Há pessoas que preparam uma frase simples por muitos minutos antes de enviá-la. Outras evitam uma reunião, uma festa, uma apresentação na escola ou até um pedido em uma loja. Na ansiedade social, não se trata apenas de timidez ou de preferência por ficar só: o encontro com o outro pode adquirir a força de uma ameaça, como se qualquer palavra, gesto ou silêncio pudesse expor algo insuportável.

Esse sofrimento costuma ser silencioso porque, por fora, a pessoa pode parecer apenas reservada, exigente consigo mesma ou pouco disponível. Por dentro, porém, há uma vigilância constante: como fui percebido? Falei demais? Pareci inadequado? O que pensarão de mim? Quando essas perguntas ocupam grande parte da vida psíquica, elas restringem escolhas, vínculos e possibilidades de circulação no mundo.

O que caracteriza a ansiedade social

A ansiedade social se manifesta como medo intenso de ser observado, avaliado negativamente, humilhado ou rejeitado em situações de convívio. Ela pode aparecer diante de grupos, mas também em contatos cotidianos: responder a uma mensagem, almoçar com colegas, fazer uma ligação, conversar com uma autoridade ou participar de uma aula.

O corpo frequentemente participa dessa experiência. Rubor, tremores, sudorese, taquicardia, falta de ar, náusea e sensação de “branco” podem surgir justamente quando a pessoa deseja se mostrar capaz. Depois do encontro, é comum que ela retome mentalmente cada detalhe, procurando provas de que fracassou ou decepcionou alguém.

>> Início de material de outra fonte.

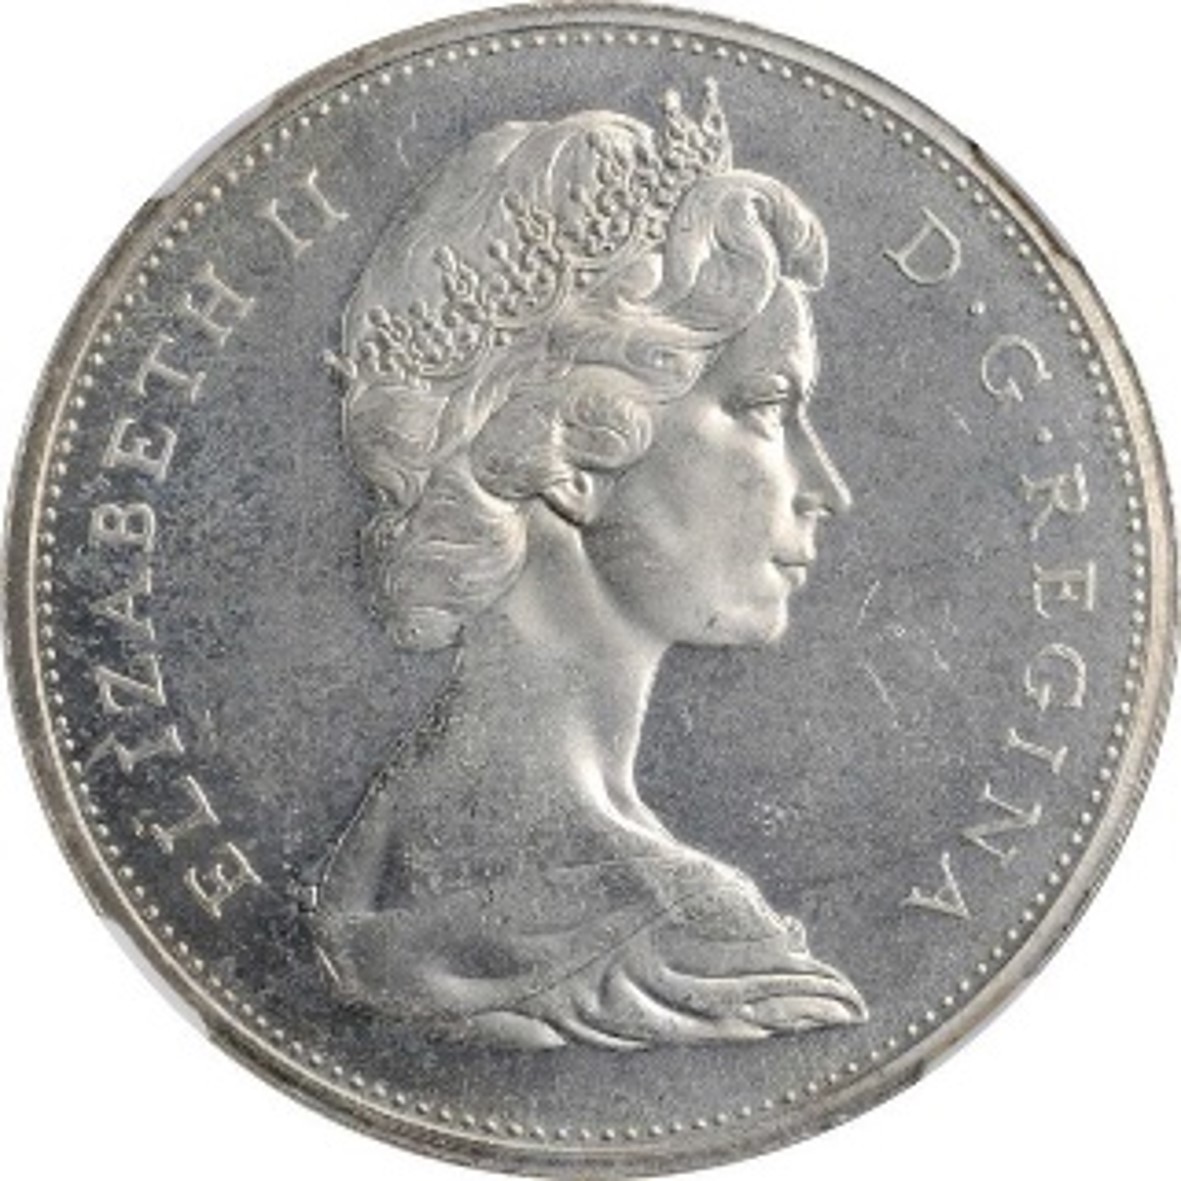 カナダ エリザベス2世(1952-) 1ドル銀貨 1966 オタワ鋳 KM64.1 NGC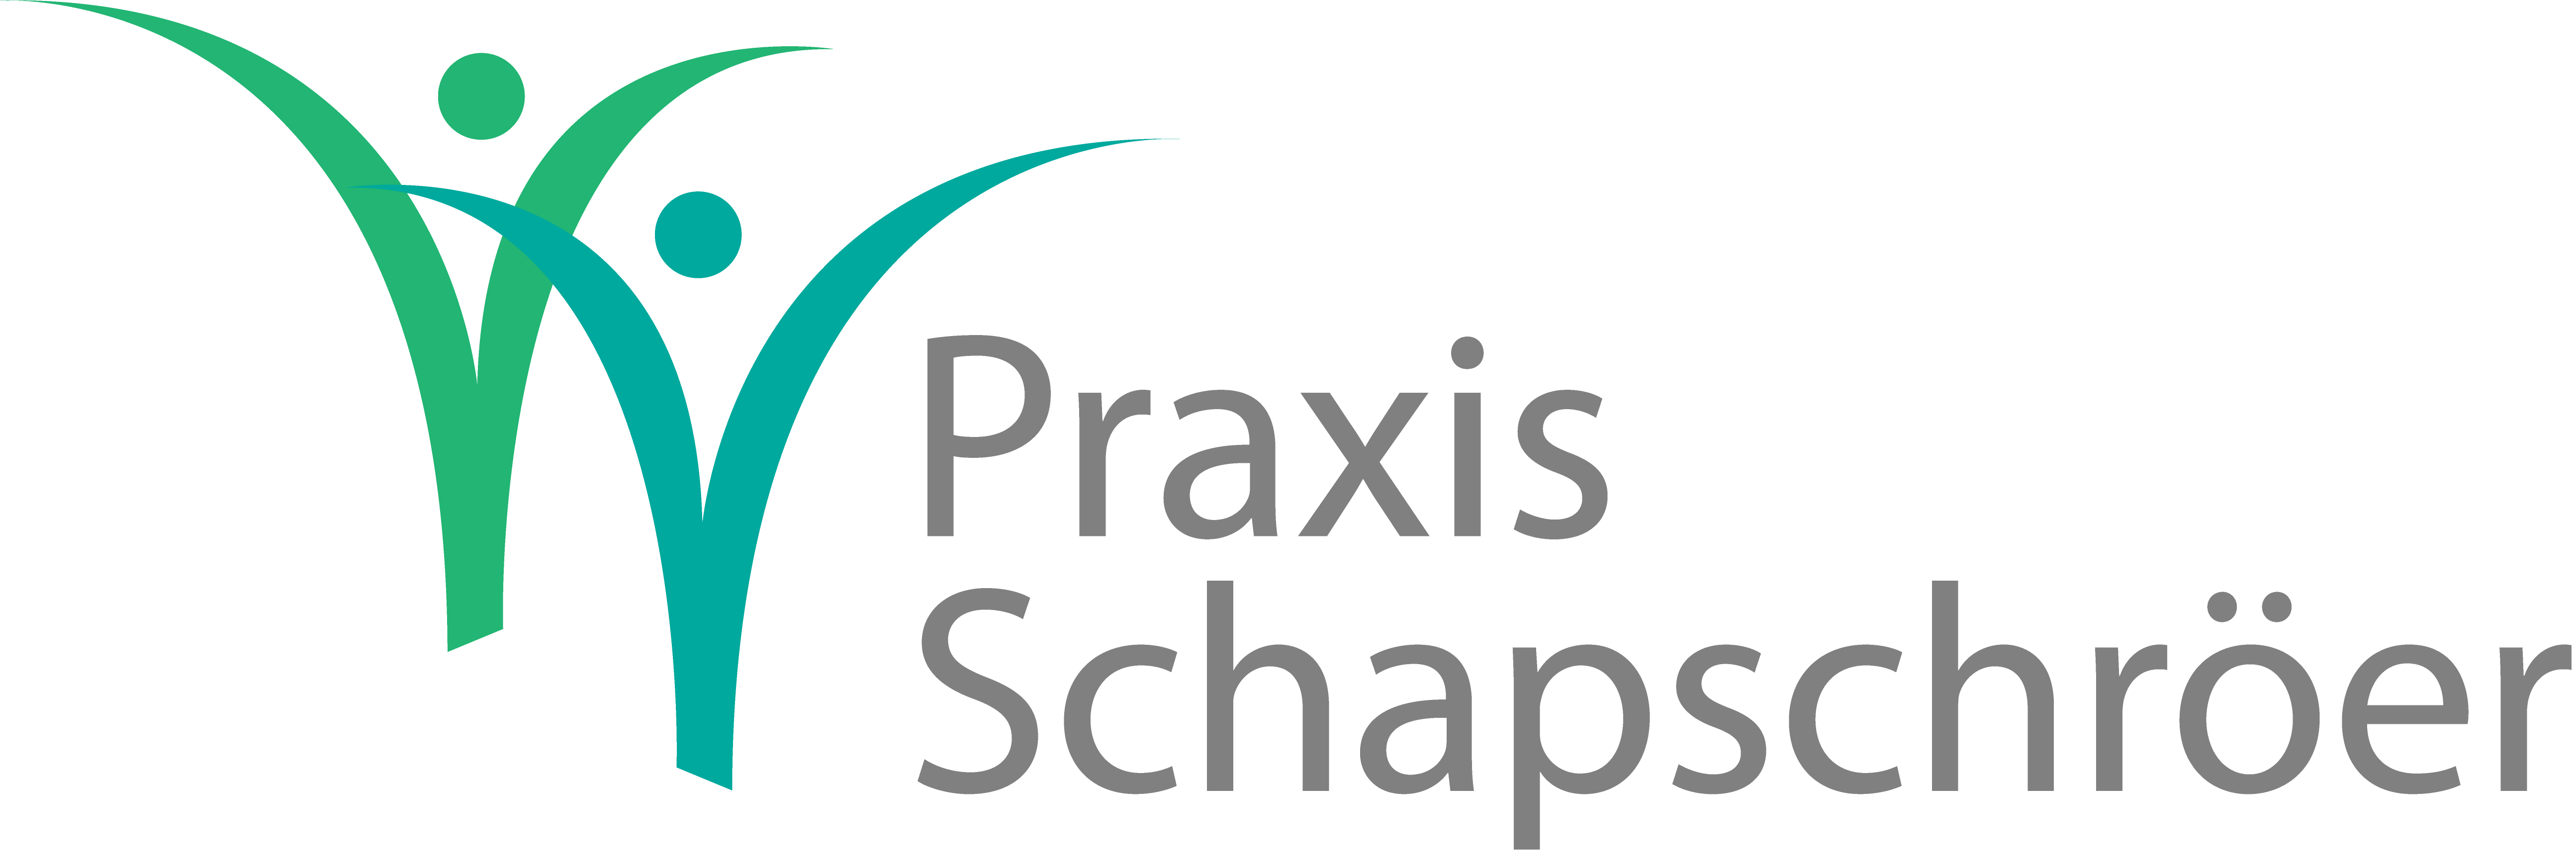 Praxis_Schapschroeer_Lauterbach

Não existe uma única forma de sofrer com isso. Para alguns, a dificuldade se concentra em falar em público. Para outros, está em iniciar conversas, comer diante de pessoas, expor uma opinião ou ocupar um lugar de destaque. Em crianças e adolescentes, o sofrimento pode aparecer como recusa escolar, isolamento, choro antes de eventos, irritação ou queixas físicas recorrentes. Por essa razão, é preciso escutar o modo singular como o mal-estar se organiza em cada trajetória.

A timidez, por si só, não é uma doença e não precisa ser corrigida. Há quem prefira ambientes menores, leve mais tempo para criar intimidade ou se sinta mais confortável observando antes de falar. A questão clínica surge quando o medo impõe renúncias persistentes, causa sofrimento relevante ou faz com que a pessoa viva em função de evitar a exposição.

Por que o olhar do outro pode se tornar tão ameaçador?

Em uma perspectiva psicanalítica, o sintoma não é entendido apenas como um erro a ser eliminado. Ele também pode ser uma formação que procura dizer algo, ainda que de maneira dolorosa, sobre conflitos, fantasias, experiências e exigências que não encontraram outro caminho de expressão.

O olhar do outro nunca é somente o olhar concreto de colegas, familiares ou desconhecidos. Muitas vezes, ele vem carregado por imagens internalizadas de crítica, cobrança e comparação. Uma apresentação no trabalho pode reativar, sem que a pessoa perceba, antigas experiências de constrangimento. Uma conversa casual pode ser vivida sob a expectativa de ter de provar valor, inteligência, beleza ou pertencimento.

Isso não significa que toda ansiedade social tenha uma causa simples ou um episódio único que explique tudo. Relações familiares, experiências escolares, episódios de bullying, discriminação, mudanças culturais, modos de funcionamento psíquico e condições de vida podem participar de maneiras diferentes. Para brasileiros que vivem fora do país, por exemplo, falar outro idioma, lidar com códigos sociais desconhecidos ou sentir-se estrangeiro pode intensificar inseguranças já existentes. Ainda assim, reduzir o sofrimento à mudança de país seria ignorar a história particular de cada sujeito.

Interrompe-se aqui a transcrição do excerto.